Global Gene Expression Analysis Using Machine Learning Methods
Min Xu
DOI: https://doi.org/10.48550/arXiv.1506.02087
2015-06-06
Abstract:Microarray is a technology to quantitatively monitor the expression of large number of genes in parallel. It has become one of the main tools for global gene expression analysis in molecular biology research in recent years. The large amount of expression data generated by this technology makes the study of certain complex biological problems possible and machine learning methods are playing a crucial role in the analysis process. At present, many machine learning methods have been or have the potential to be applied to major areas of gene expression analysis. These areas include clustering, classification, dynamic modeling and reverse engineering.

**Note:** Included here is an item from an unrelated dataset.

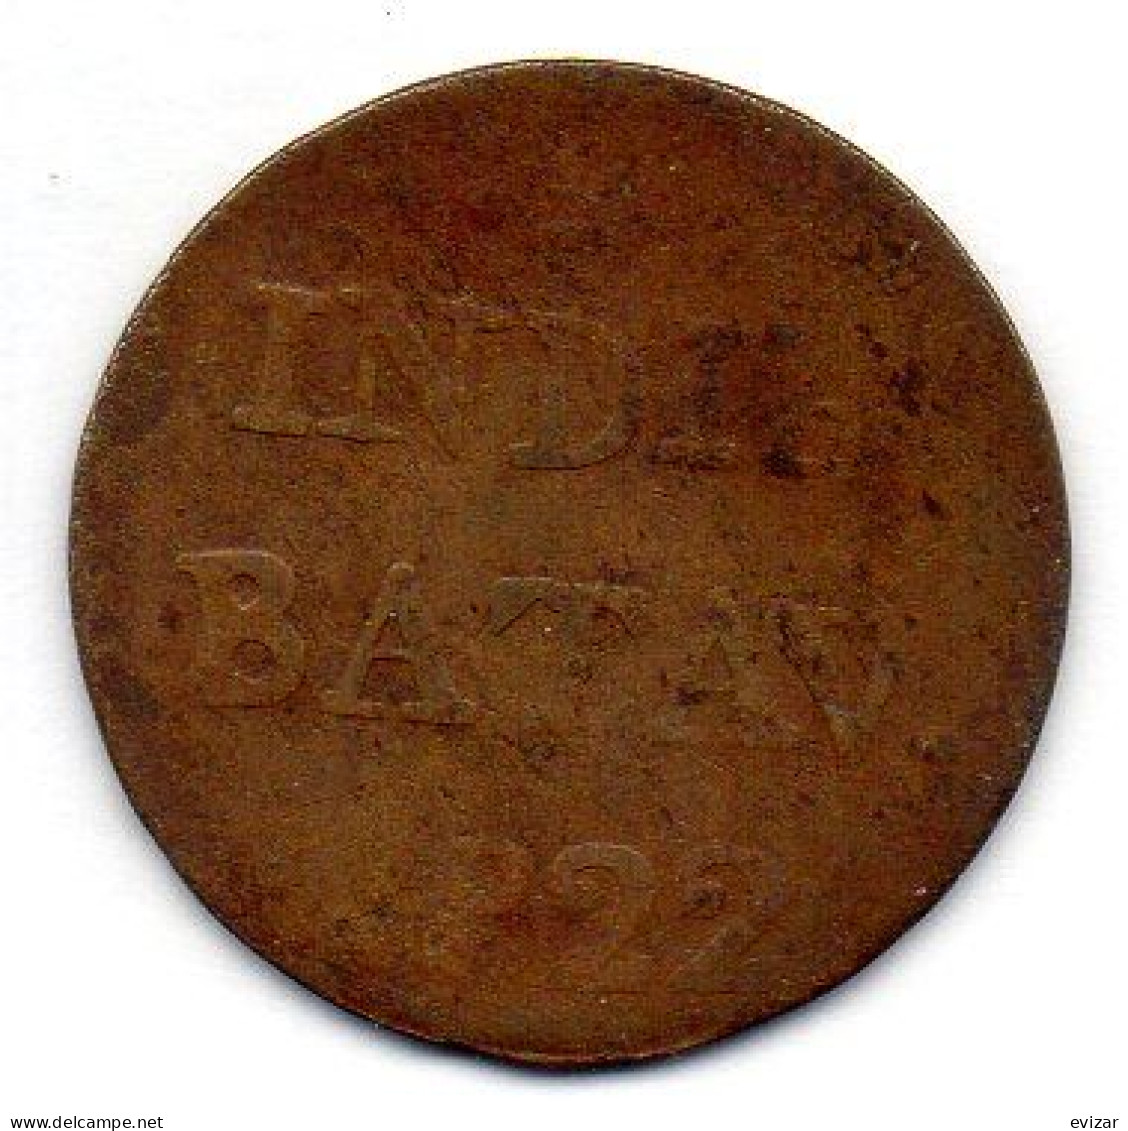 NETHERLAND INDONESIA - SUMATRA, 1/2 Stuiver, Copper, Year 1822, KM # 284.2 - Indonesia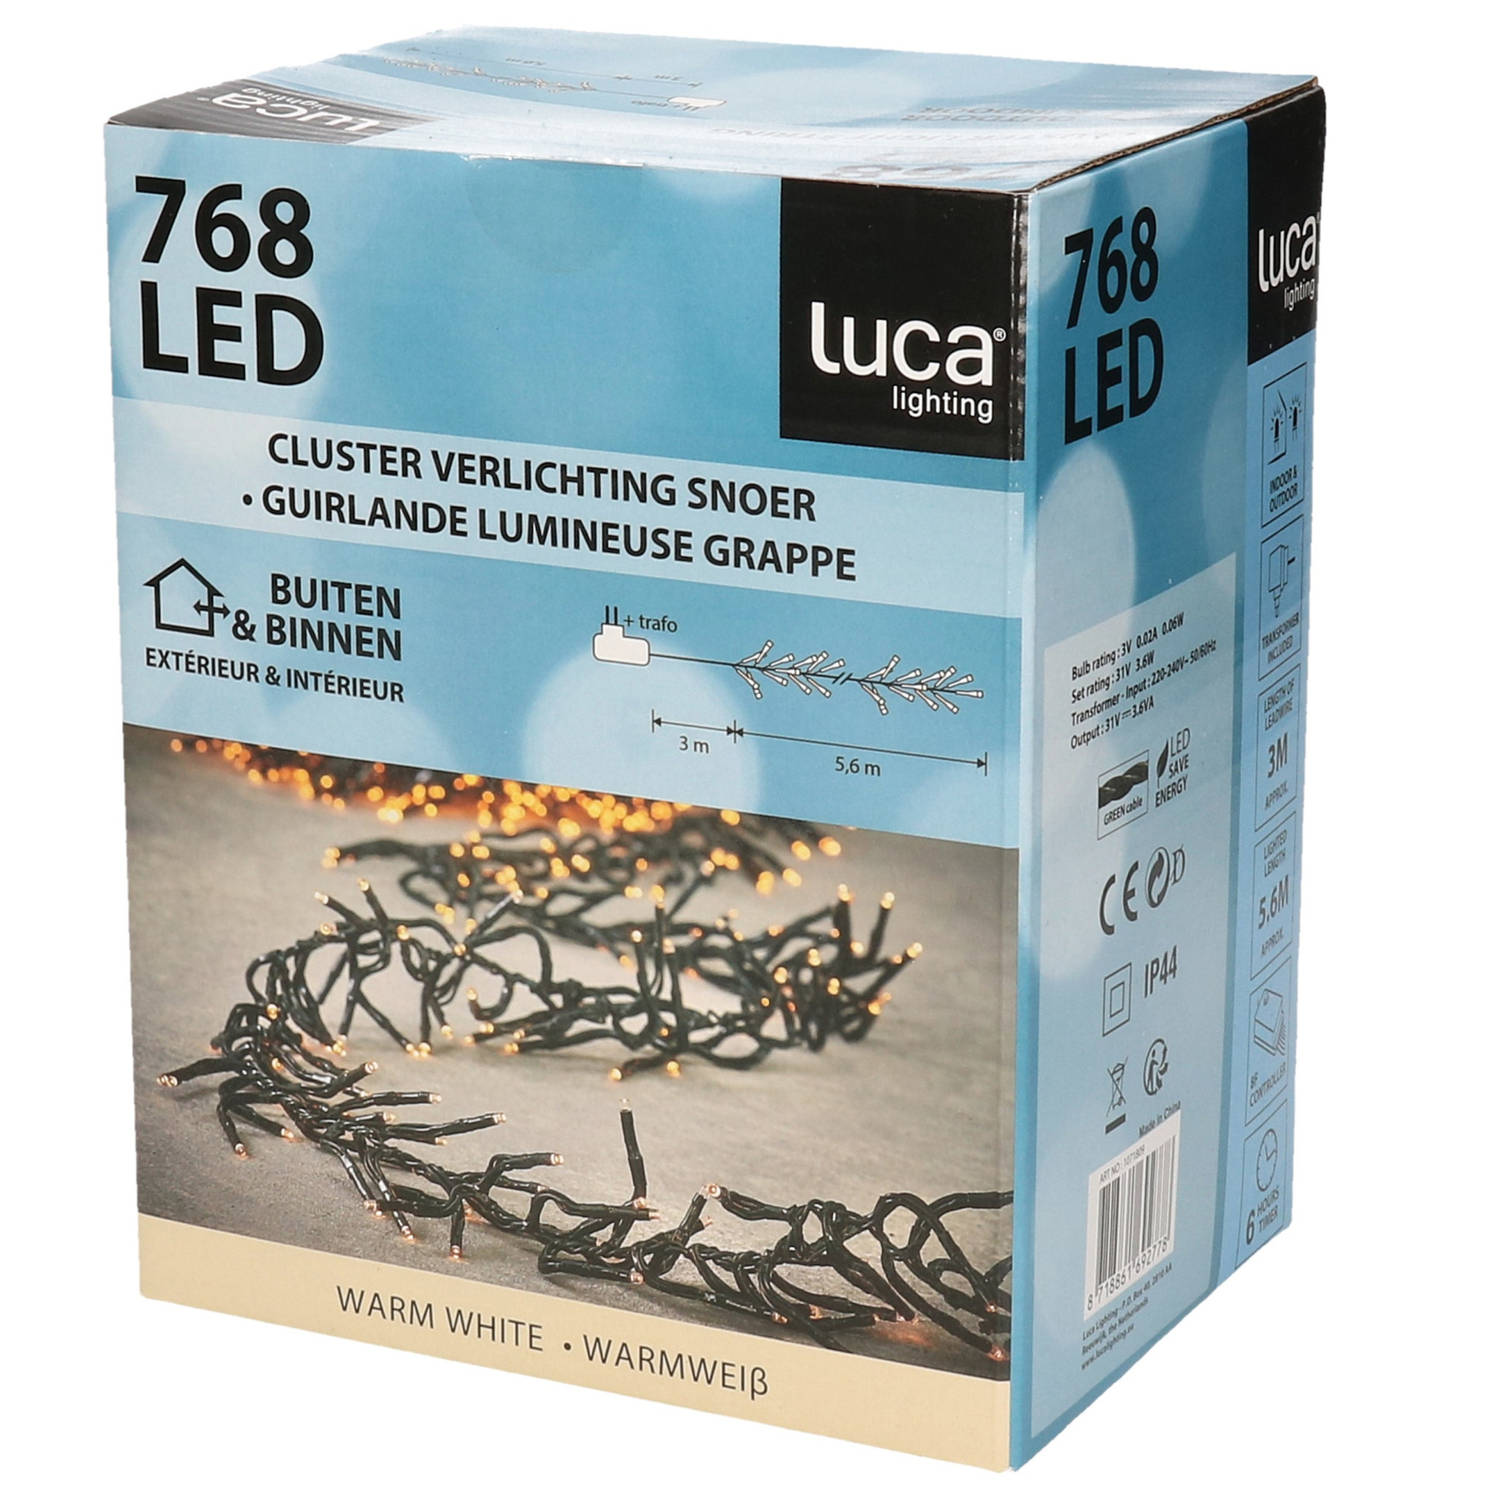 Luca Lighting LED Kerstverlichting Cluster Binnen 560cm 768 leds 2300K | Warm Wit Incl. Controller e

In this thesis, we focus our work on using machine learning methods to solve the classification problems arising from microarray data. We first identify the major types of the classification problems; then apply several machine learning methods to solve the problems and perform systematic tests on real and artificial datasets. We propose improvement to existing methods. Specifically, we develop a multivariate and a hybrid feature selection method to obtain high classification performance for high dimension classification problems. Using the hybrid feature selection method, we are able to identify small sets of features that give predictive accuracy that is as good as that from other methods which require many more features.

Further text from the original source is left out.